Six in Paris (1965)/Mister Lonely (2007)
Indie enfant terrible Harmony Korine (Gummo, Julien Donkey-Boy) quietly returned from a near-decade long sabbatical from feature filmmaking with a beautiful mess about a Michael Jackson impersonator in Paris (Milk’s Diego Luna) who runs away with a Marilyn Monroe impersonator (Samantha Morton) to a countryside estate inhabited by other celebrity wannabes. Really.
The ultimate, unflinching curio, Mister Lonely amazes and confounds as wonderfully staged sequences and tender moments butt heads with absolutely infuriating and often embarrassing bits. Reconciling these conflicts allows the film to remain with viewers long after the credits roll — whether the effect is intended is another story.
Hammer Films: Icons of Horror Collection
The long-anticipated release of rarities from Britain’s premiere horror house, Hammer Films, was cause for celebration. Made in conjunction with Columbia Pictures, the four featured gems fall in the shadow of the studio’s more famous Universal collaborations, but they are pure Hammer, deep with Gothic atmosphere, studied chills and pure entertainment chops.
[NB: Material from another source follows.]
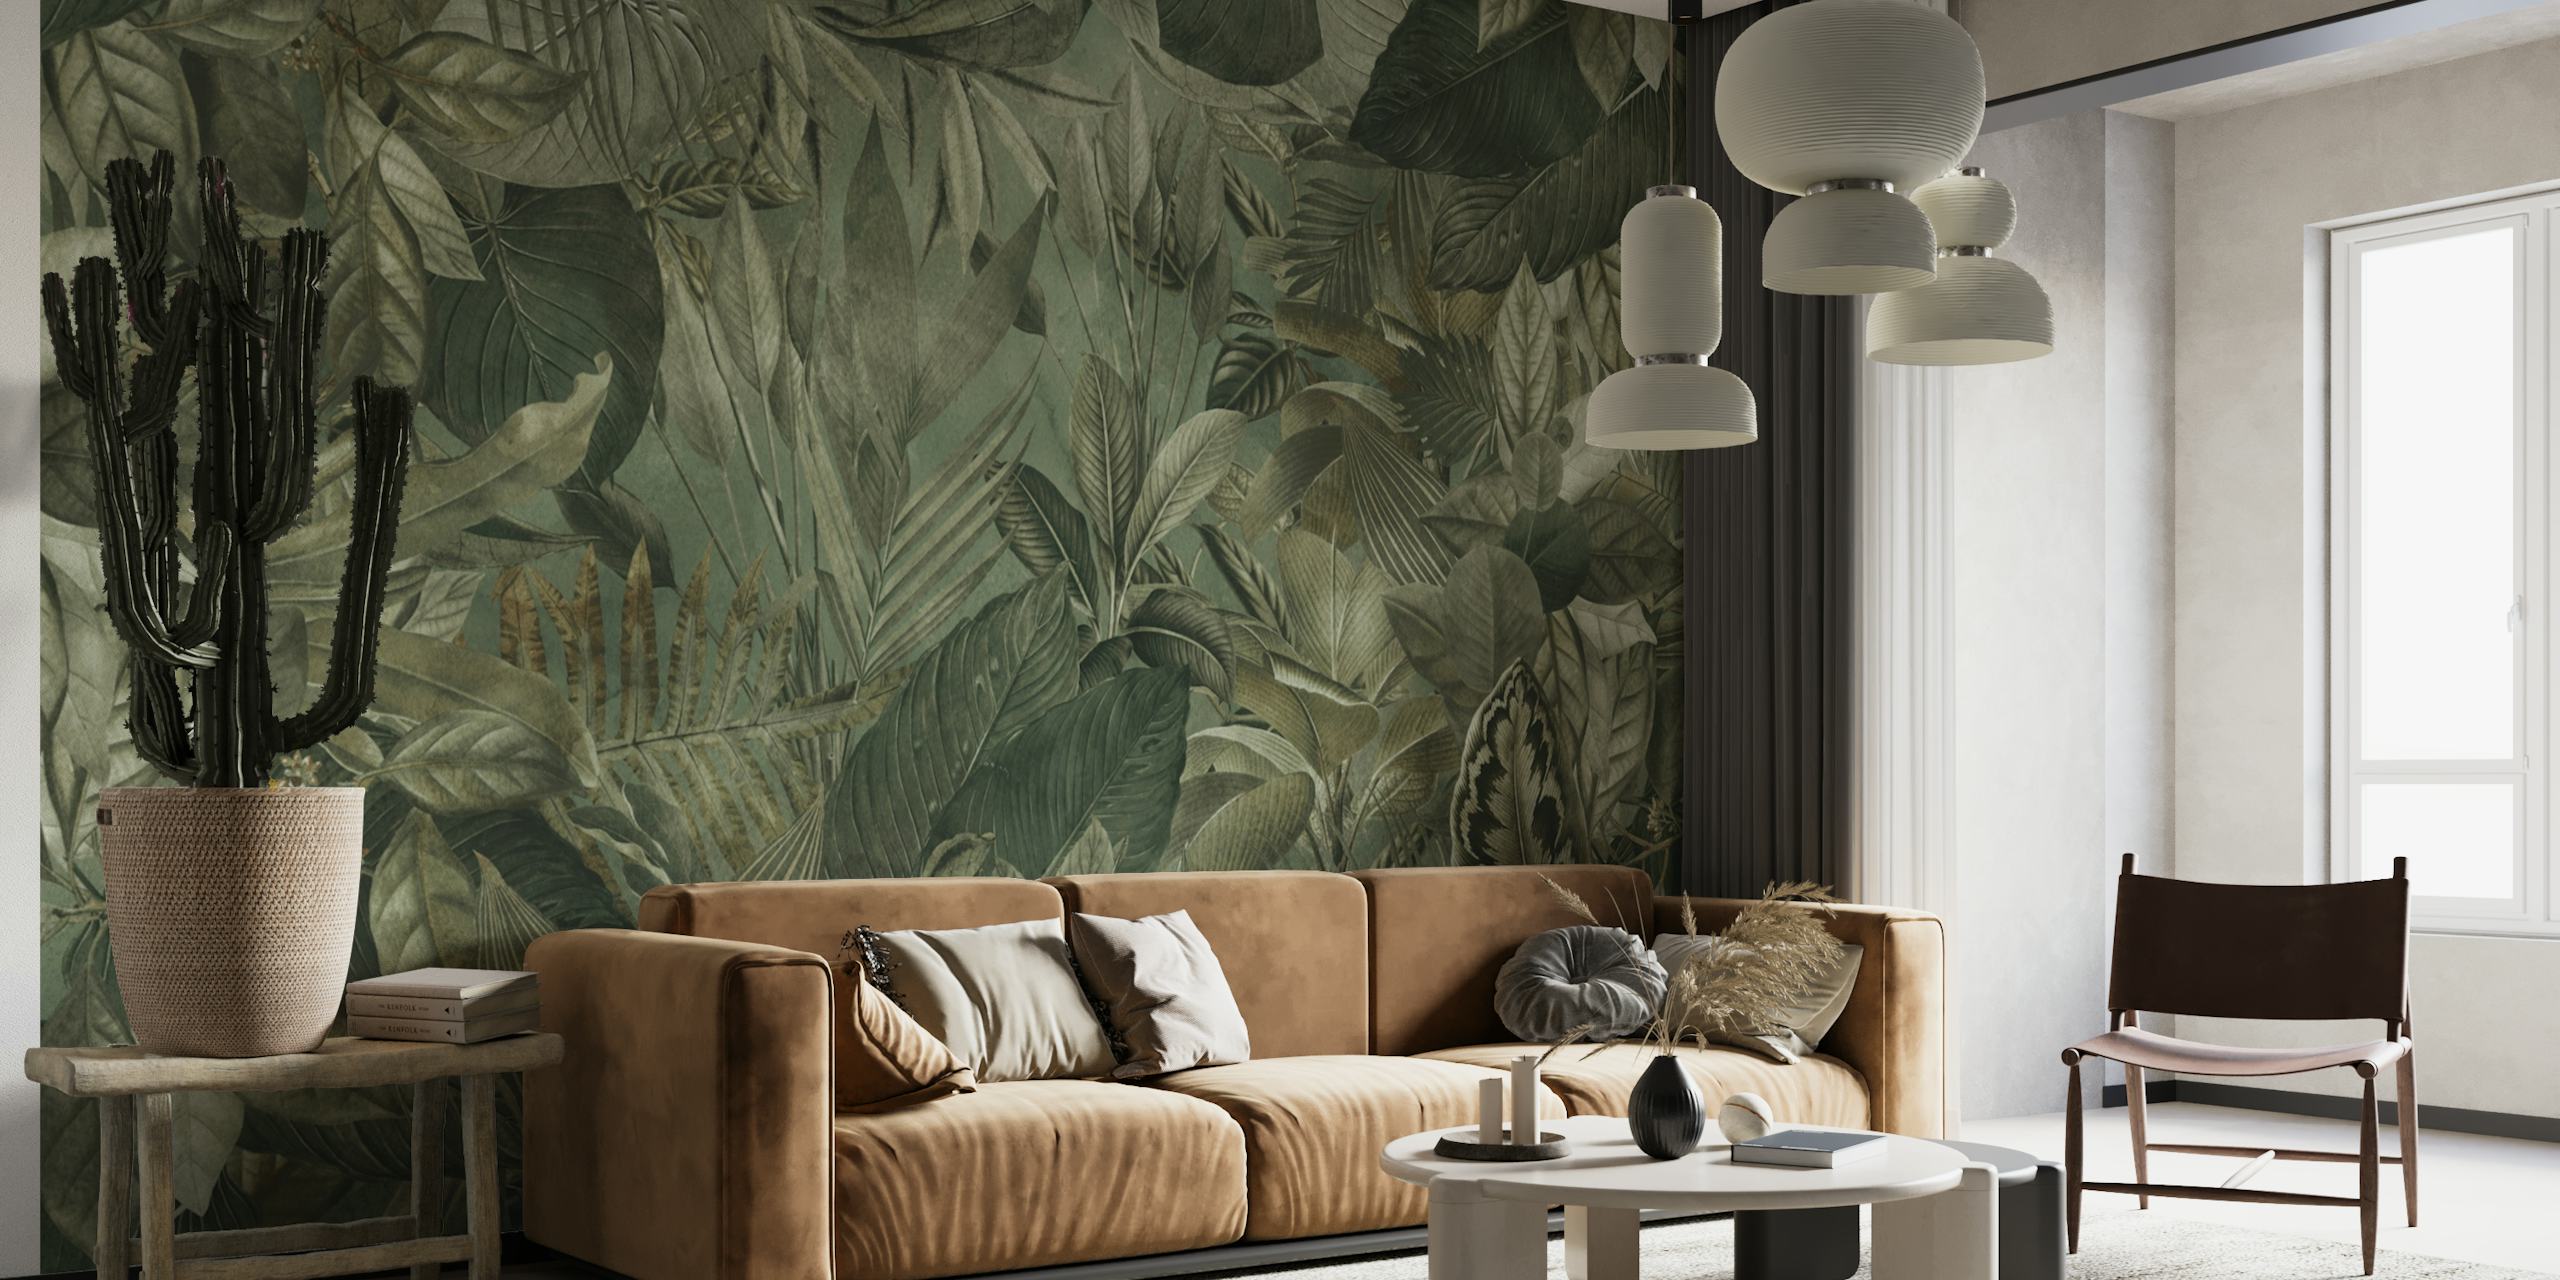 Vægmaleri med tropisk jungletema, der viser olivengrønt løv og botaniske elementer.

The two-DVD set includes The Two Faces of Dr. Jekyll (1960), Scream of Fear (1961), The Curse of the Mummy’s Tomb (1964) and my personal favorite, The Gorgon (1964), a fun spooker starring Christopher Lee and Peter Cushing that finds the snake-headed Medusa of Greek myth terrorizing the British moors. Weirdly brilliant!
And This Is Free (1964)
Mike Shea’s cinema verite classic is a lesson in the Blues told through Chicago’s long-gone Maxwell Street open-air market — an unparalleled melting pot of ethic, social, commercial, culinary and, most importantly, musical influences.
Anything and everything, legal and illegal, could be found on Maxwell Street, but the music was the star. And This Is Free captures blisteringly raw Blues and Gospel performed street-side by musicians integral to both the Chicago Blues sound and the history of music itself — Robert Nighthawk, Blind Arvella Gray, Carrie Robinson, Floyd Jones, Jim Brewer and more.
In addition to the film, Shanachie’s release contains valuable historical bonus features, a CD of Maxwell Street blues regulars (including Muddy Waters, Jimmy Rogers and Little Walter) and a booklet full of reminiscences. Essential.